Sizin efsaneniz ne olacak? Siz gidince insanlar hangi hikayeleri anlatacaklar? Ölüm ilanınızda ne yazacak? Yazacak bir şey var mı? Yoksa, ne yazmasını isterdiniz? O neticeye bu günden ilerlemek için ne yapmalısınız?
İnsanlar yönlerini kaybetmiş ve amaçsız hissediyorlarsa, bunun nedeni kendileri için neyin önemli olduğu ve değerlerinin ne olduğunu bilmiyor olmalarındandır.
Kendi değerleriniz yok ise, aslında başkalarınınkileri benimsiyor ve kendinizinkiler yerine başkalarının önceliklerini yaşıyor olursunuz. Bu da sağlıksız ilişkiler ve neticesinde sefalete giden bir yoldur.

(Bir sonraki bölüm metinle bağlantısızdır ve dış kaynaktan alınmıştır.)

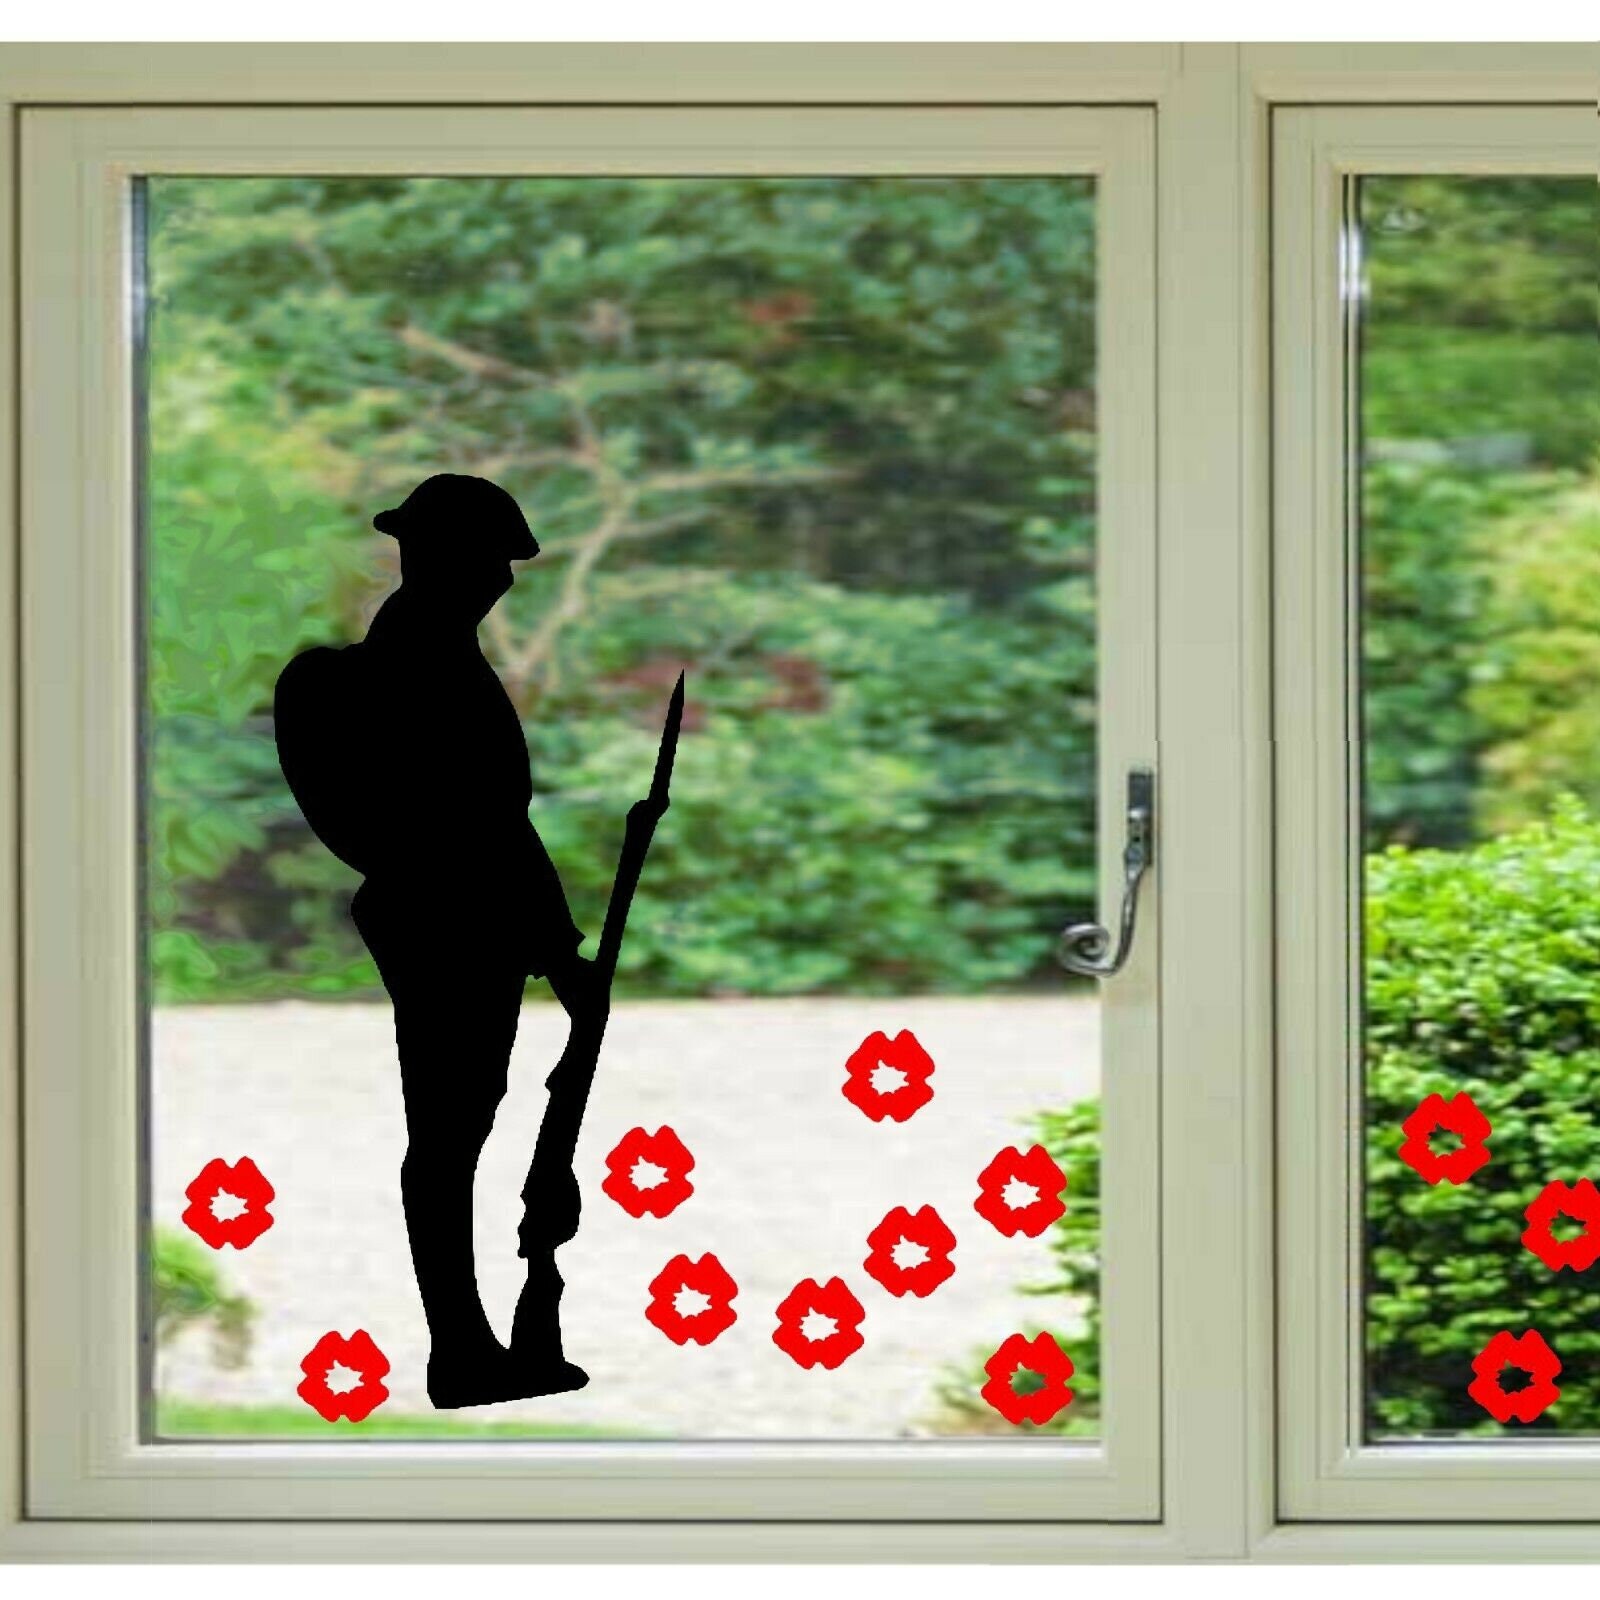 Lest we forget remembrance day rememberance window vinyl sticker decal poppy car

Kendi “yaşam amacını” keşfetmek, kendinizden ve etrafınızdakilerden daha büyük olan 1-2 şeyi bulmaktır. Bunları bulmak için koltuktan kalkıp harekete geçmeniz lazım. Kendinizin ötesinde ve kendinizden daha büyük olanı düşünmeye zaman ayırmak, hatta sizsiz bir dünyayı dahi hayal etmeniz lazım.